“So often times it happens that we live our lives in chains, and we never even know we have the key.” 

~ “Already Gone” – The Eagles

Some time back, I wrote a piece about the hero’s most transformational moment and how important it can be in creating a satisfying story, (you can access that here: https://scriptmag.com/screenplays/the-heros-most-transformational-moment.) And though I’ve studied screenplays and story for many years, one of the main lessons that I think the hero’s transformation is really meant to teach us has only recently dawned on me.

Briefly, to recap:

In TOY STORY, Buzz the “Space Ranger” has inherent value as Andy’s toy, but he doesn’t recognize it. When he discovers he’s not actually a space ranger, and simply a plaything, he’s initially devastated, convinced his life is meaningless. And as a result, for a time he’s utterly demoralized, reduced by this existential crisis to babbling mindlessly.

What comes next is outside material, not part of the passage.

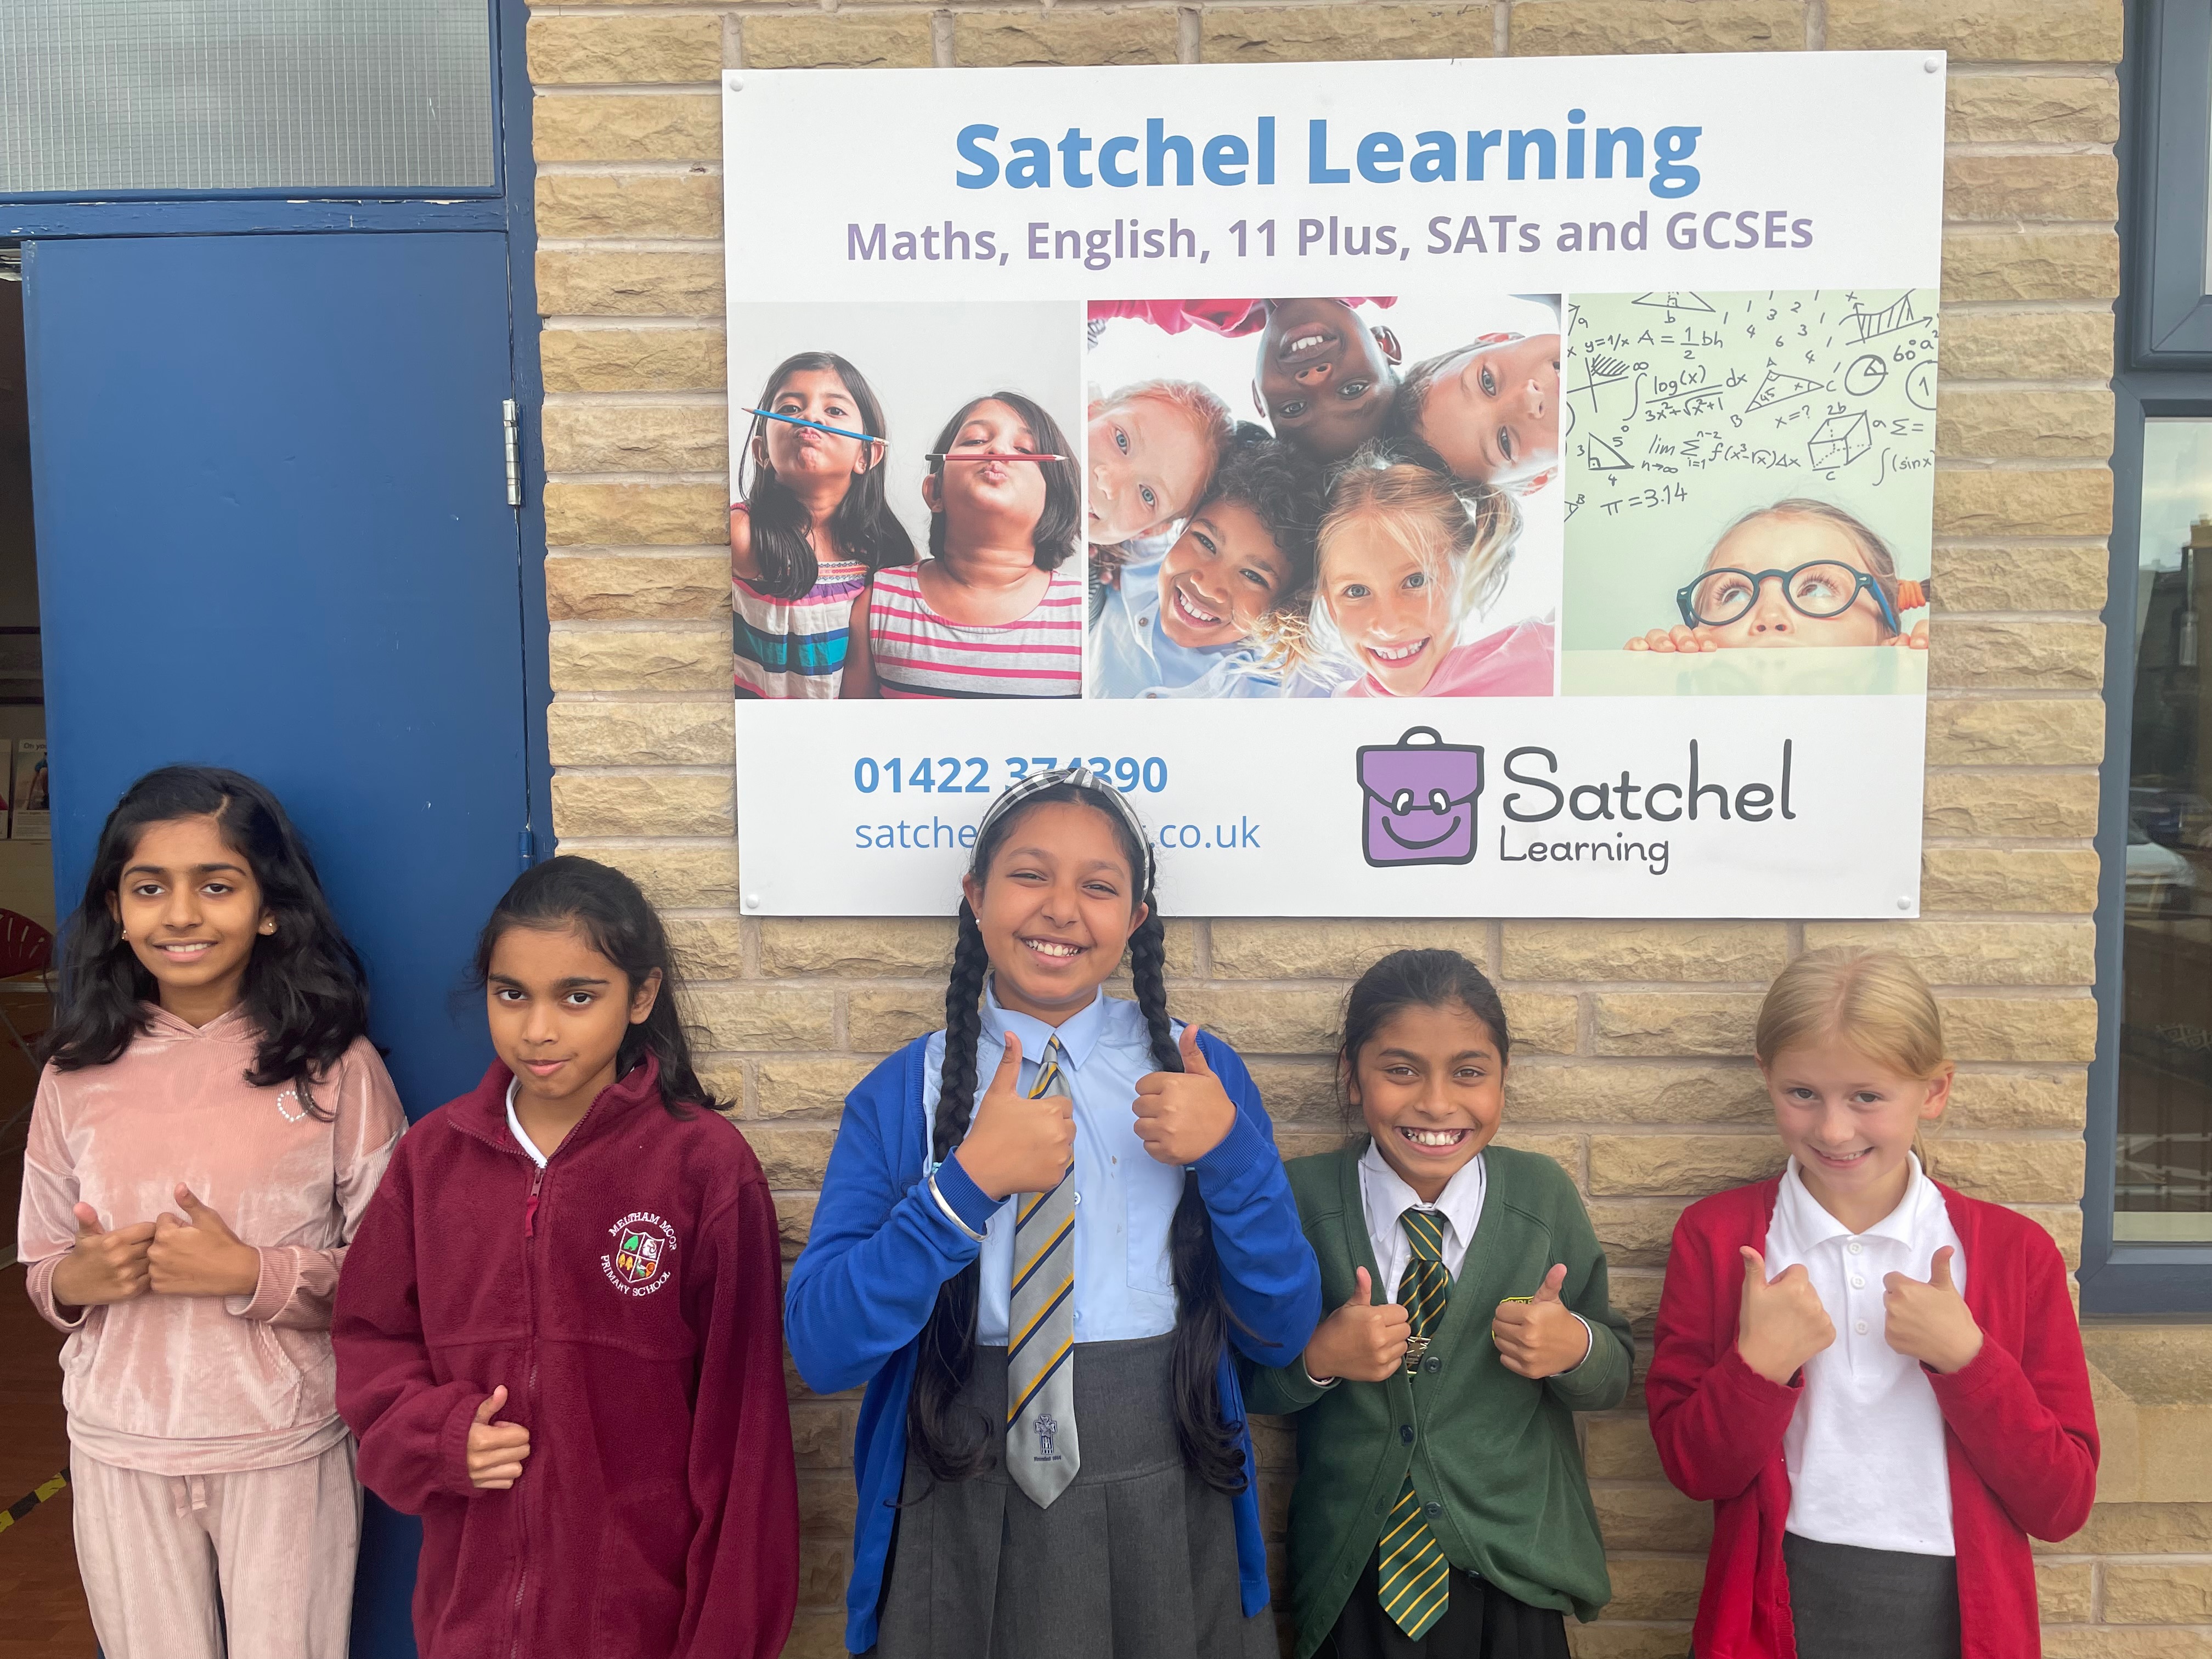 Good luck to this year's 11 Plus children! Satchel Learning

In LITTLE MISS SUNSHINE,  Richard, (the struggling motivational speaker father played by Greg Kinnear), thinks the only thing that matters is being what society deems a “winner,” but for most of the story fails to realize he is already a winner as a supportive and loving dad to his family.

In THE KING’S SPEECH, the man who would be become King George VI, Bertie was abused as a child, and thus doesn’t feel his own inherent dignity and worth. It’s been there all along, but it’s not until he consciously recognizes and embraces it, by virtue of working with a speech therapist who pushes him to confront his past, that he is able to act on it and behave accordingly.

In EVERYTHING EVERYWHERE ALL AT ONCE, Evelyn feels beaten down, victimized and shortchanged by life and love. She especially feels let down by what she sees as her hapless, ineffectual husband.

And in one of the most famous and revered movies of all time, THE WIZARD OF OZ, the Scarecrow famously wishes for a brain, the Tin Man for a heart, and the Cowardly Lion for courage. But these characters, unbeknownst to themselves, already possess (albeit latently) the very qualities they yearn for. And this is what the journey of the story is really all about. Despite the title, we all know it’s not fundamentally about Oz, a wizard who turns out to be a phony. It’s about the heroes revealing to themselves their own true worth, bringing out and recognizing what they’re really made of.

Thus, the story, and the obstacles it poses, force them all to see and ultimately to act on their own worth and capabilities. And this, I think, this journey of character, is the main purpose of the story. It’s saying, if we look within ourselves– especially when outer circumstances force our hand, and really put us up against a wall— we may be able to discover and summon virtues and capabilities we would otherwise never have known we possessed.

From a certain angle, one could make a case that any work of art was somehow latent in the artist all along, but they had to do the hard work to bring it forth. It’s like that story of Michelangelo’s David — that the David was lying dormant in the marble all along, Michelangelo simply cut away anything that wasn’t the David and thus revealed him.

A story, and the inherent obstacles it poses, is the process  by which the hero comes to recognize their real potential. It clears away the smoke, as the Buddhists say, by which their true nature has been obscured. Note that the hero’s shift is not about “positive thinking,” or visualizing some other better self in the future. It’s about seeing their own strength in the present; fully recognizing and shining a light on what they already are/already have/hadn’t realized they were already capable of.

So, here, I think, is the lesson for the rest of us mere mortals:  You don’t know your own strength. Chances are, you may well already have, or certainly have the seeds of, whatever it is you think you need. You already have value and worth and are capable of great things, but you must consciously recognize that, own it, and then do the hard work to cultivate it, and act accordingly. I believe stories help inspire us to recognize that we must turn that epiphany light bulb on for ourselves, and then we must summon the will to rise to the occasion.